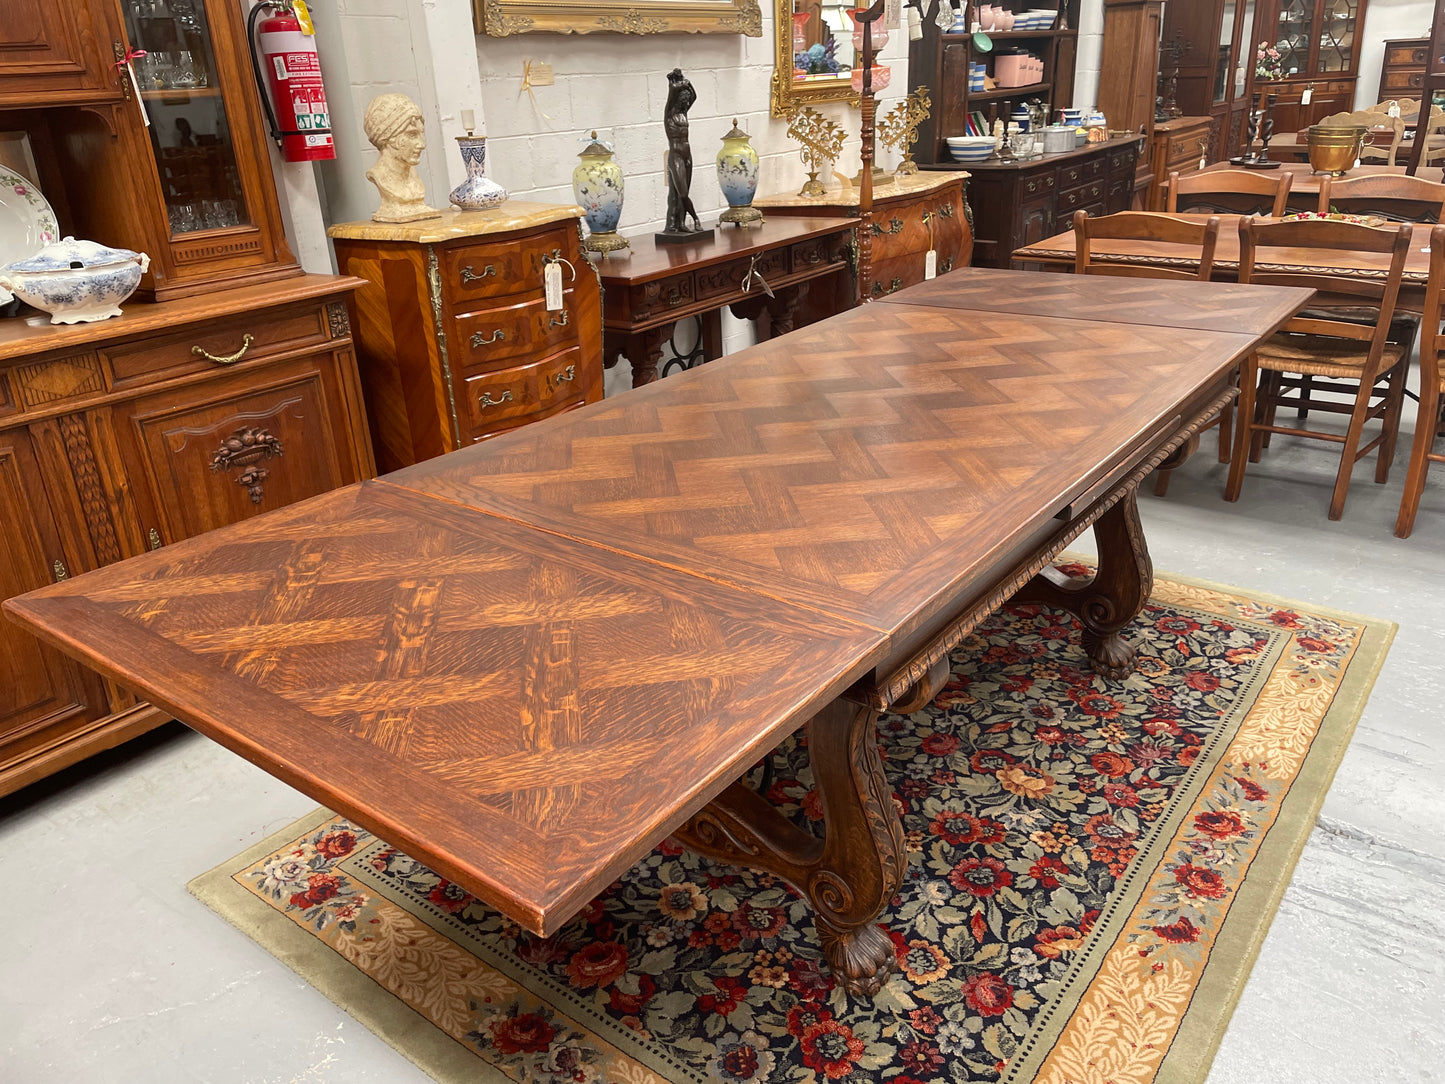 Beautiful French Oak Spanish style extension dining table with a decorative iron base and parquetry top. Lovely carvings on the legs and the skirt of the base.  With the extensions closed it is 160 cm long and when fully extended it is 268 cm long. It has been sourced from France and in good original condition.
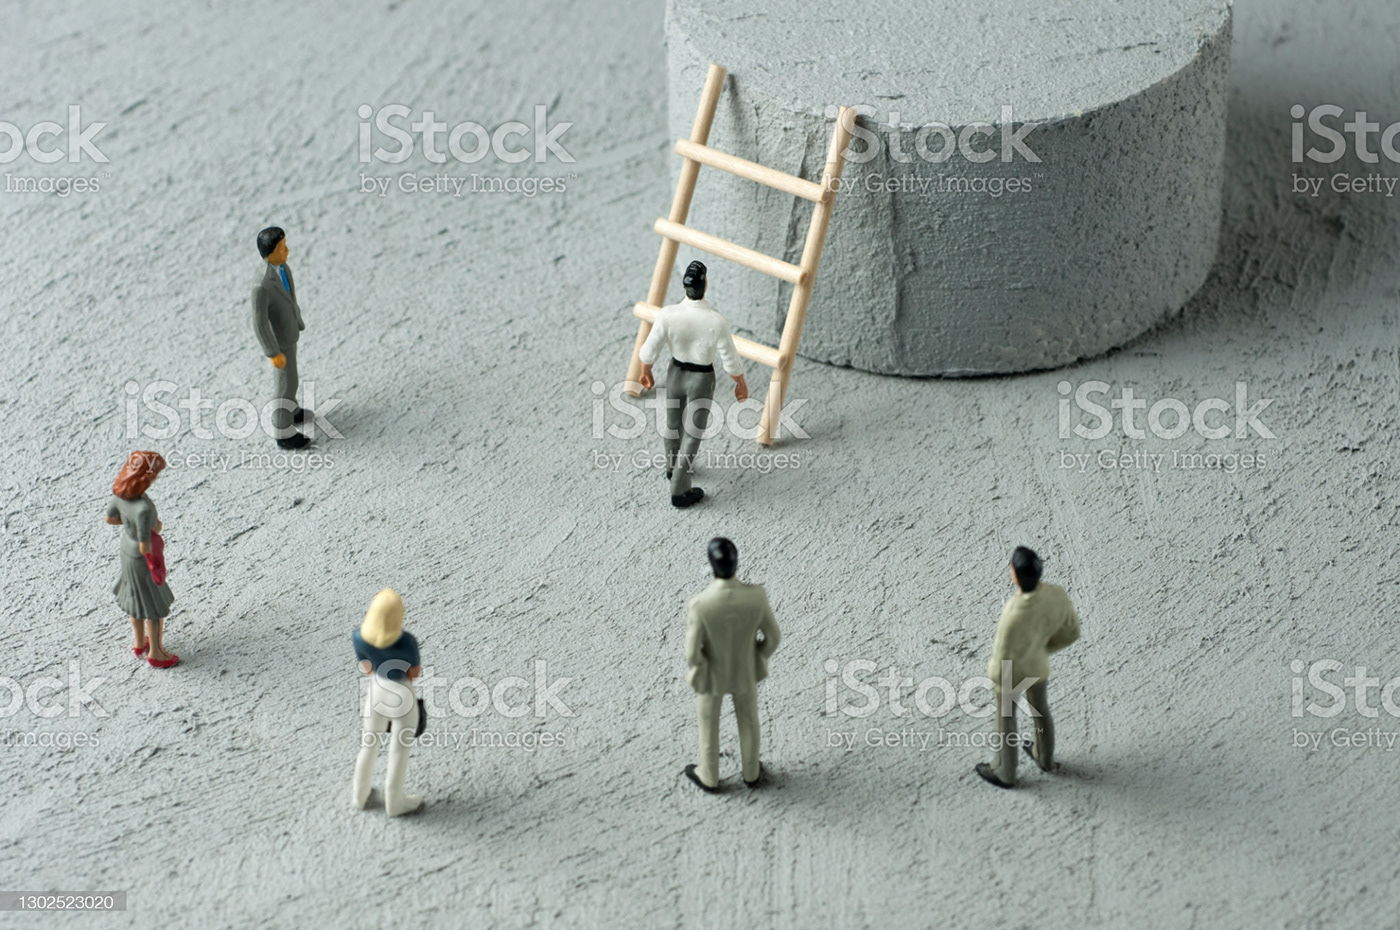 business business person Corporate Hierarchy economy figurine Global risk strategy TEAMWORK
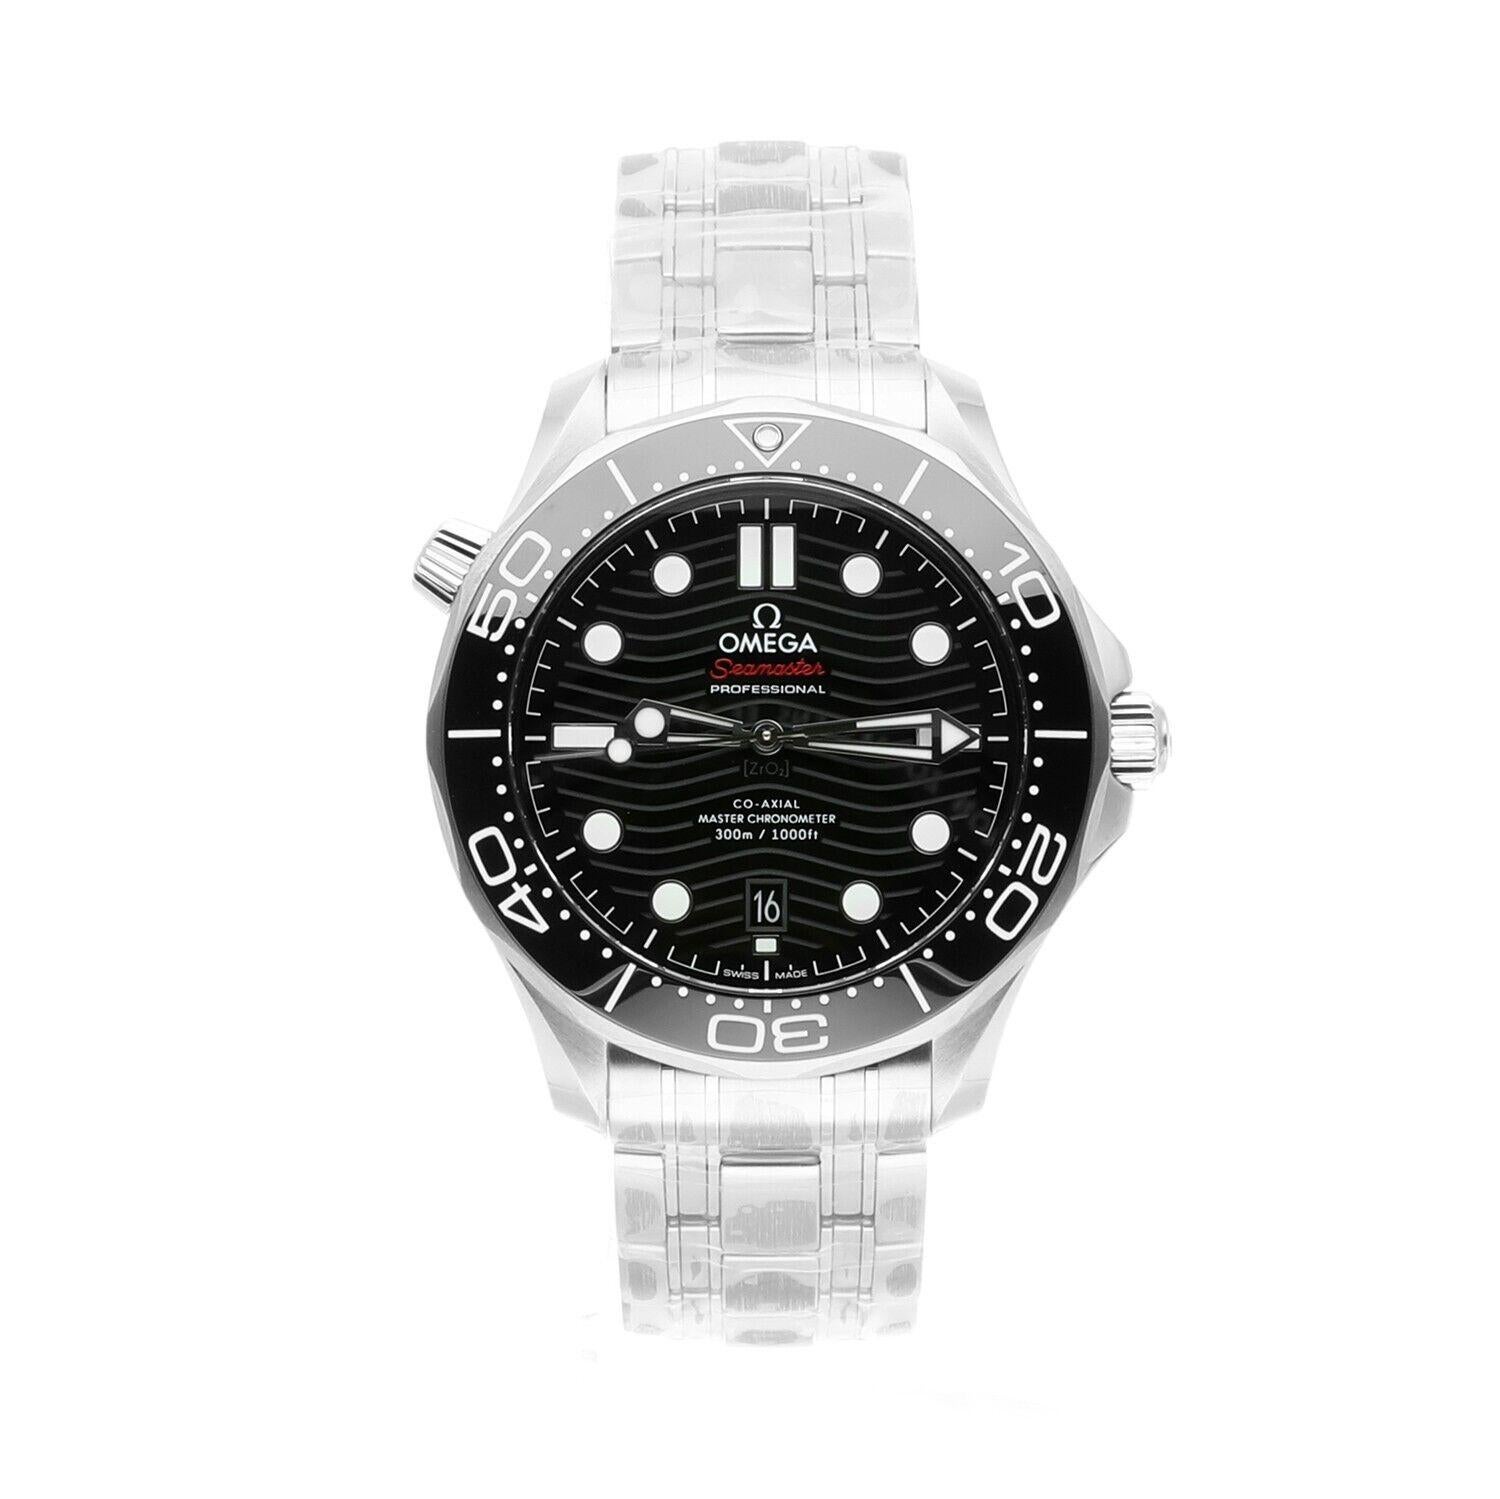 This 42 mm model is crafted from stainless steel and includes a black ceramic bezel with a white enamel diving scale. The dial is also polished black ceramic and features laser-engraved waves and a date window at 6 o’clock.
The skeleton hands and
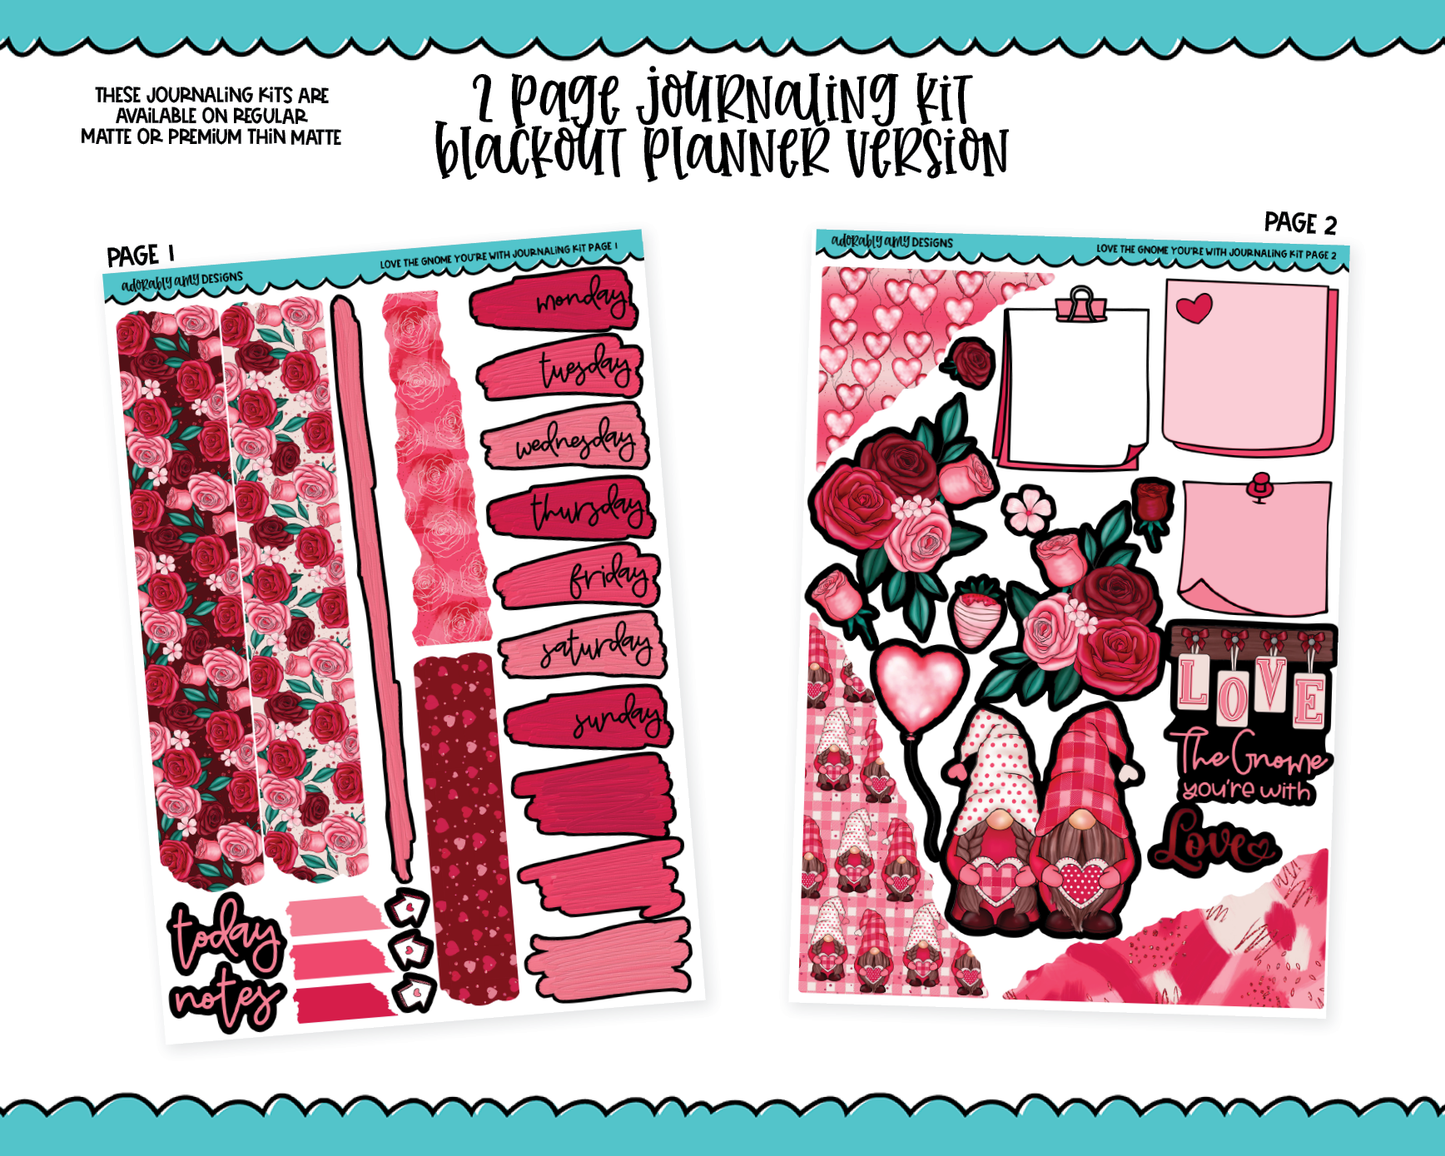 Journaling Kit Love the Gnome You're With Valentine Holiday Themed Planner Sticker Kit in White OR Black for Blackout Planners

-*-*-

> _Work instruction_:
Repeat the records above word for word, apart from the pictures.

> _Your response_:
 Beautiful French Oak Spanish style extension dining table with a decorative iron base and parquetry top. Lovely carvings on the legs and the skirt of the base.  With the extensions closed it is 160 cm long and when fully extended it is 268 cm long. It has been sourced from France and in good original condition.
 business business person Corporate Hierarchy economy figurine Global risk strategy TEAMWORK
 This 42 mm model is crafted from stainless steel and includes a black ceramic bezel with a white enamel diving scale. The dial is also polished black ceramic and features laser-engraved waves and a date window at 6 o’clock.
The skeleton hands and
 Journaling Kit Love the Gnome You're With Valentine Holiday Themed Planner Sticker Kit in White OR Black for Blackout Planners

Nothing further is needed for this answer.